Input data:
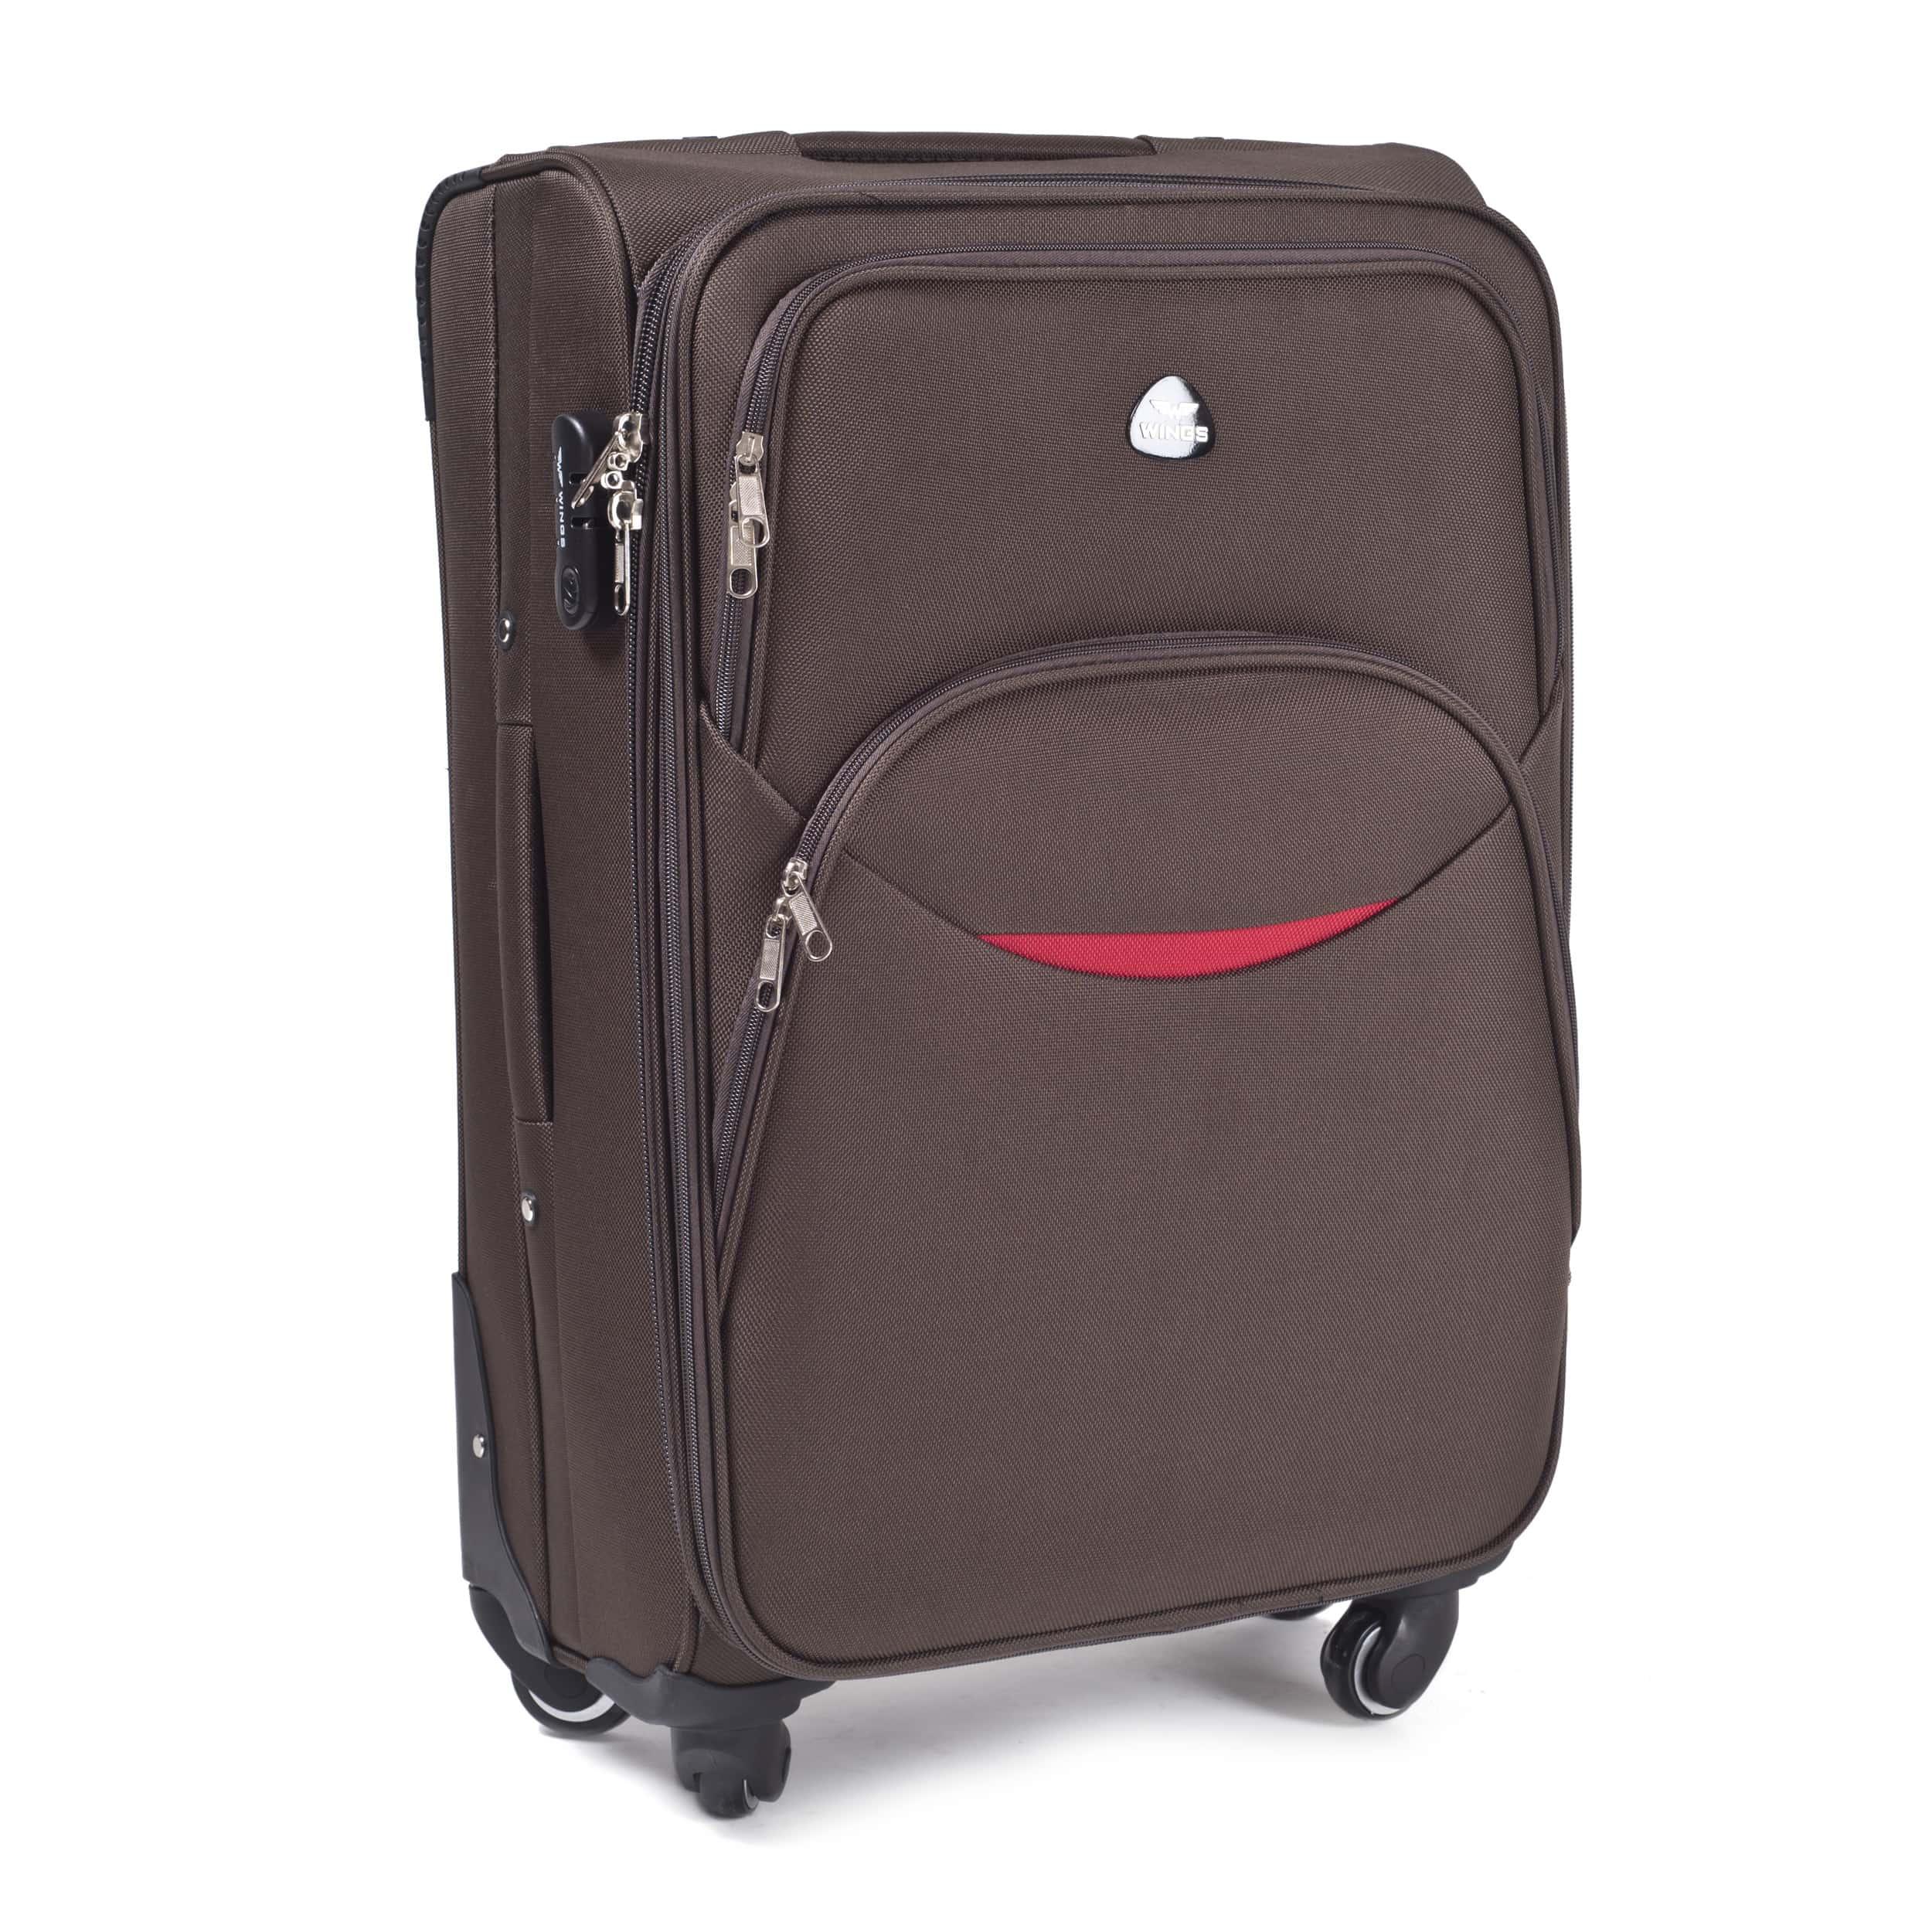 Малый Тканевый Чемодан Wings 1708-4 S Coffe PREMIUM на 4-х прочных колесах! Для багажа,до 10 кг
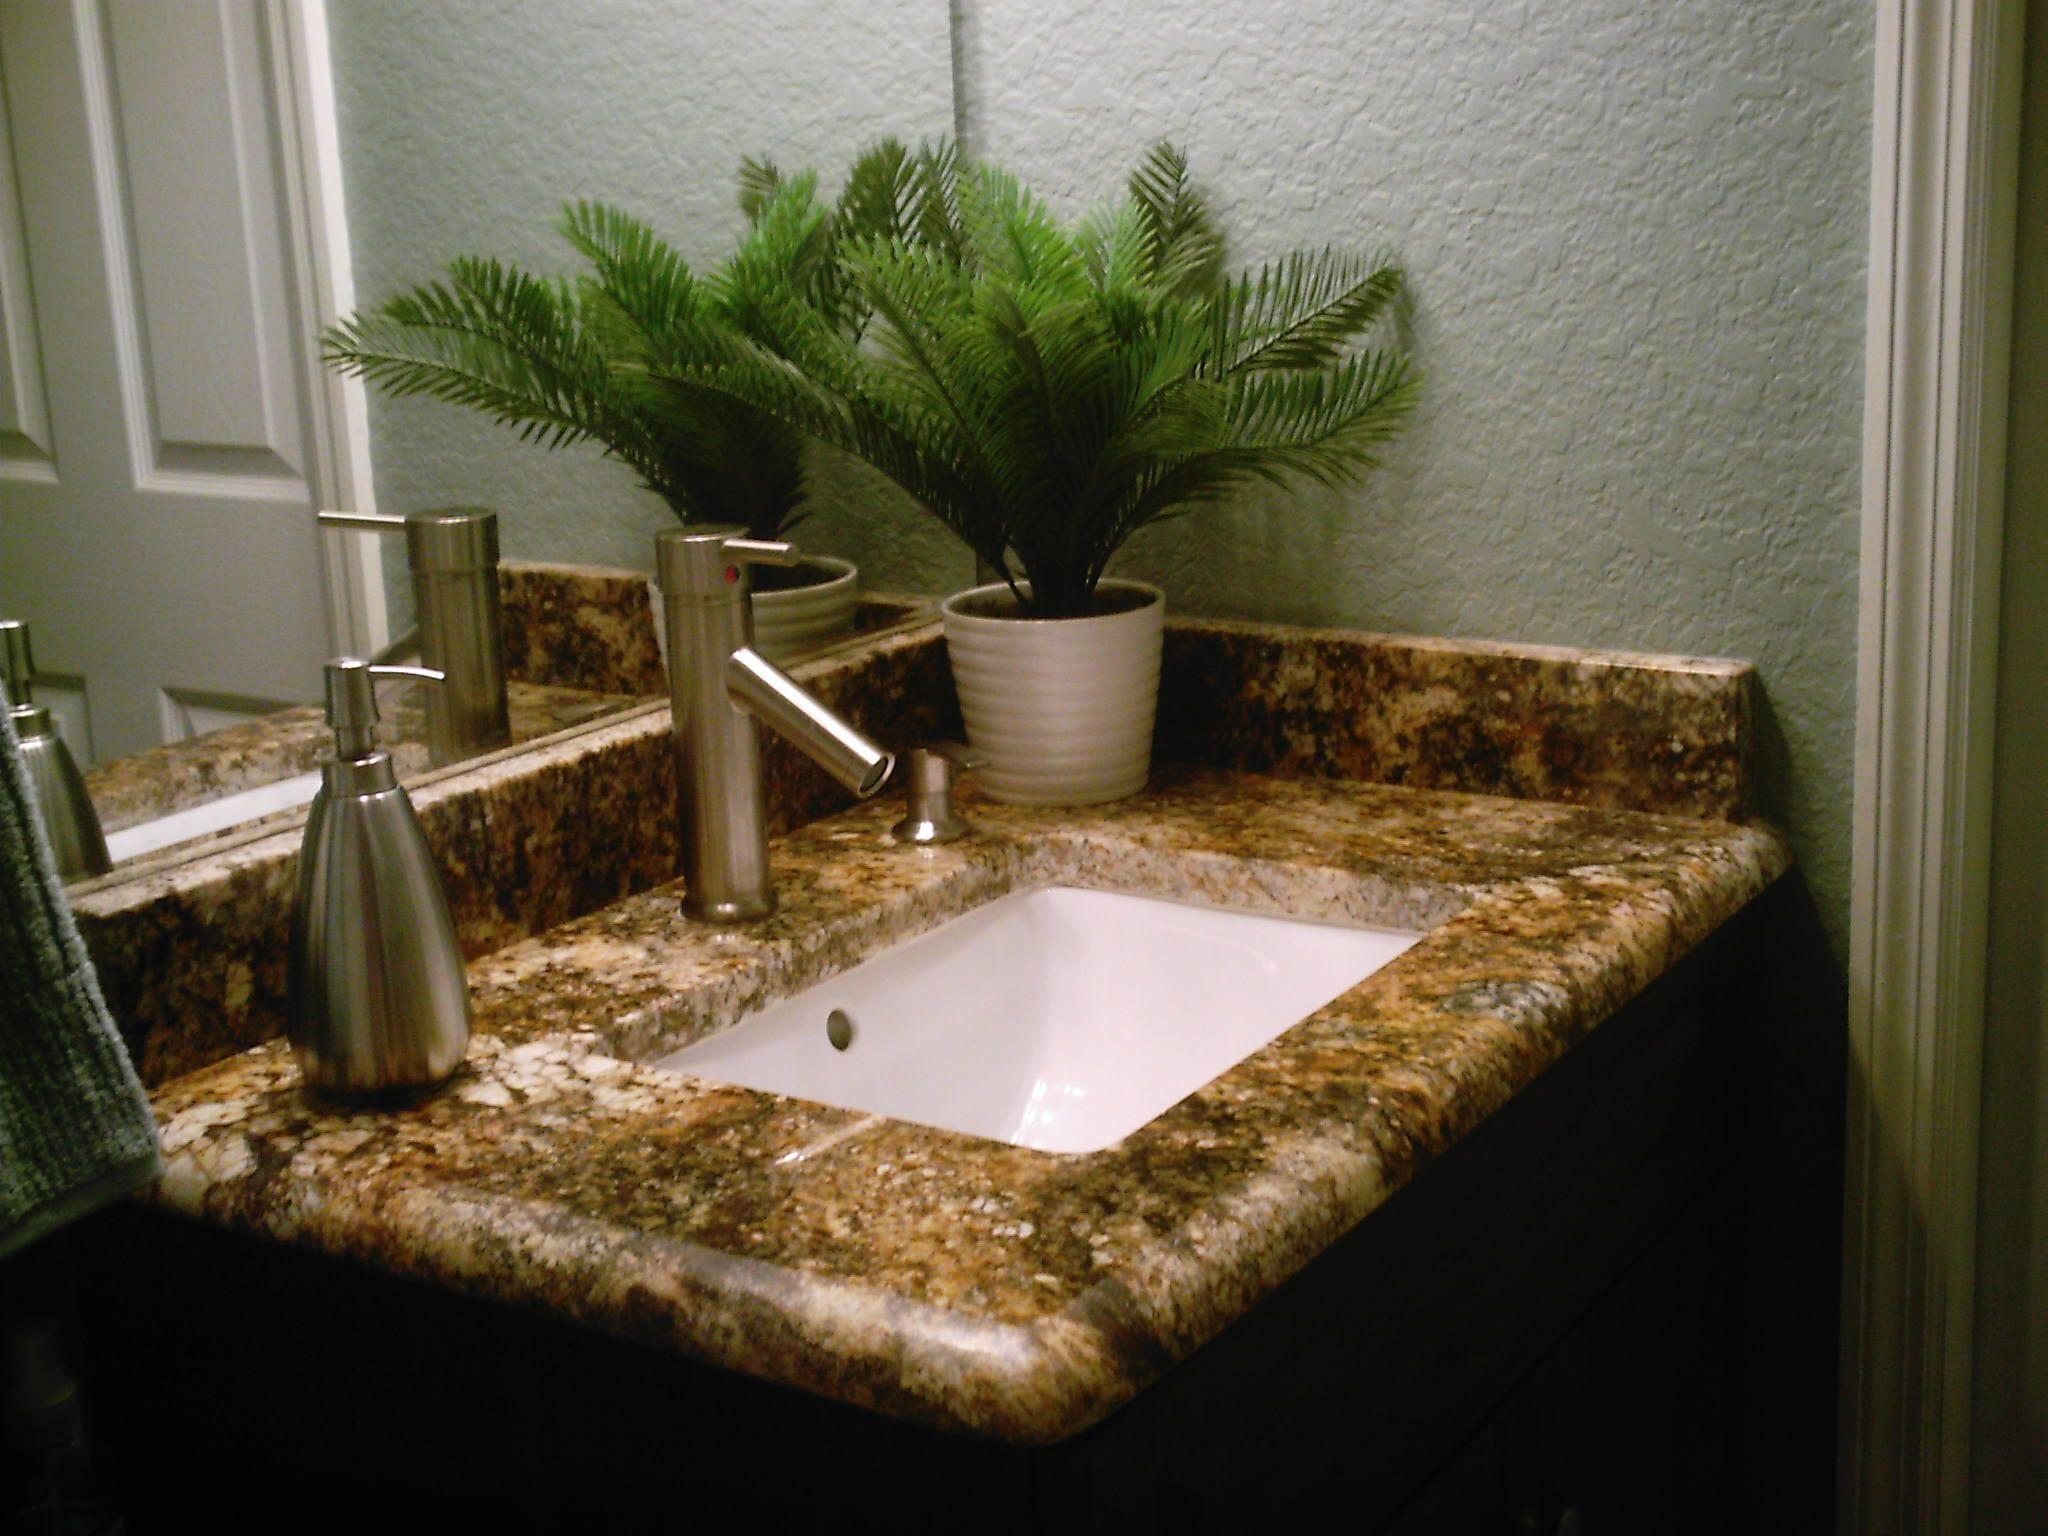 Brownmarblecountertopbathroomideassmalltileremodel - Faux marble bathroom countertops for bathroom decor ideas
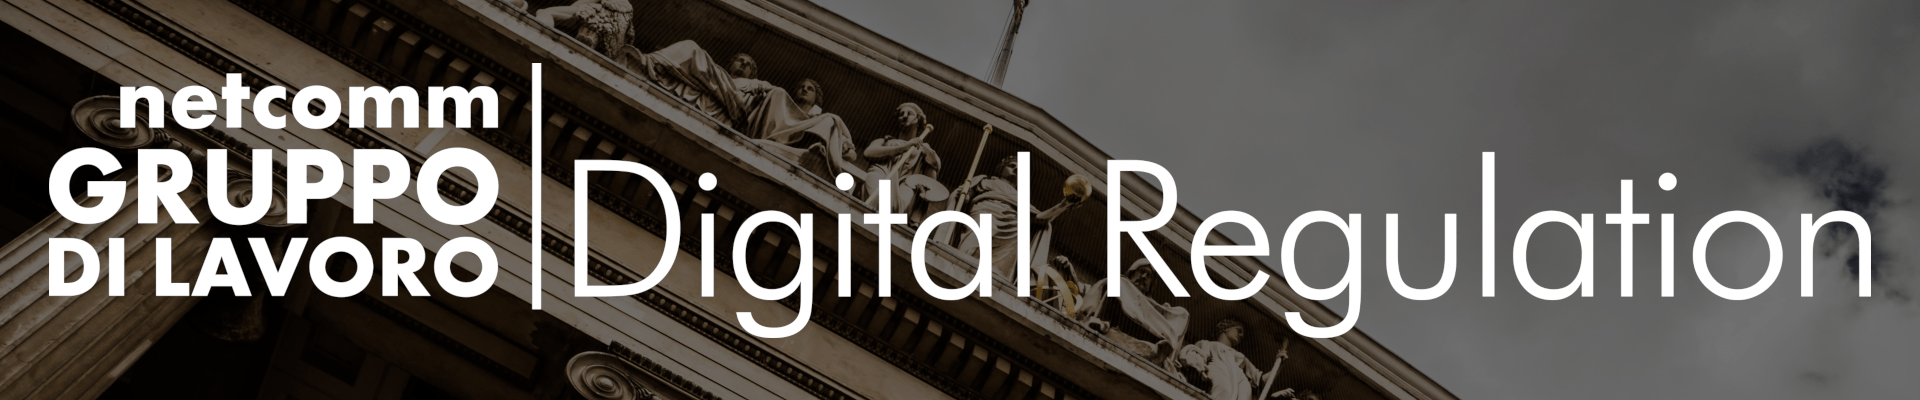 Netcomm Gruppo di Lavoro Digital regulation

Exercise requirements: Pictures do not go in the copy. Write out exactly the lines from the line containing "Brownmarblecountertopbathroomideassmalltileremodel - Faux" through the last line of the listing.

Exercise answer:
 Brownmarblecountertopbathroomideassmalltileremodel - Faux marble bathroom countertops for bathroom decor ideas
 Netcomm Gruppo di Lavoro Digital regulation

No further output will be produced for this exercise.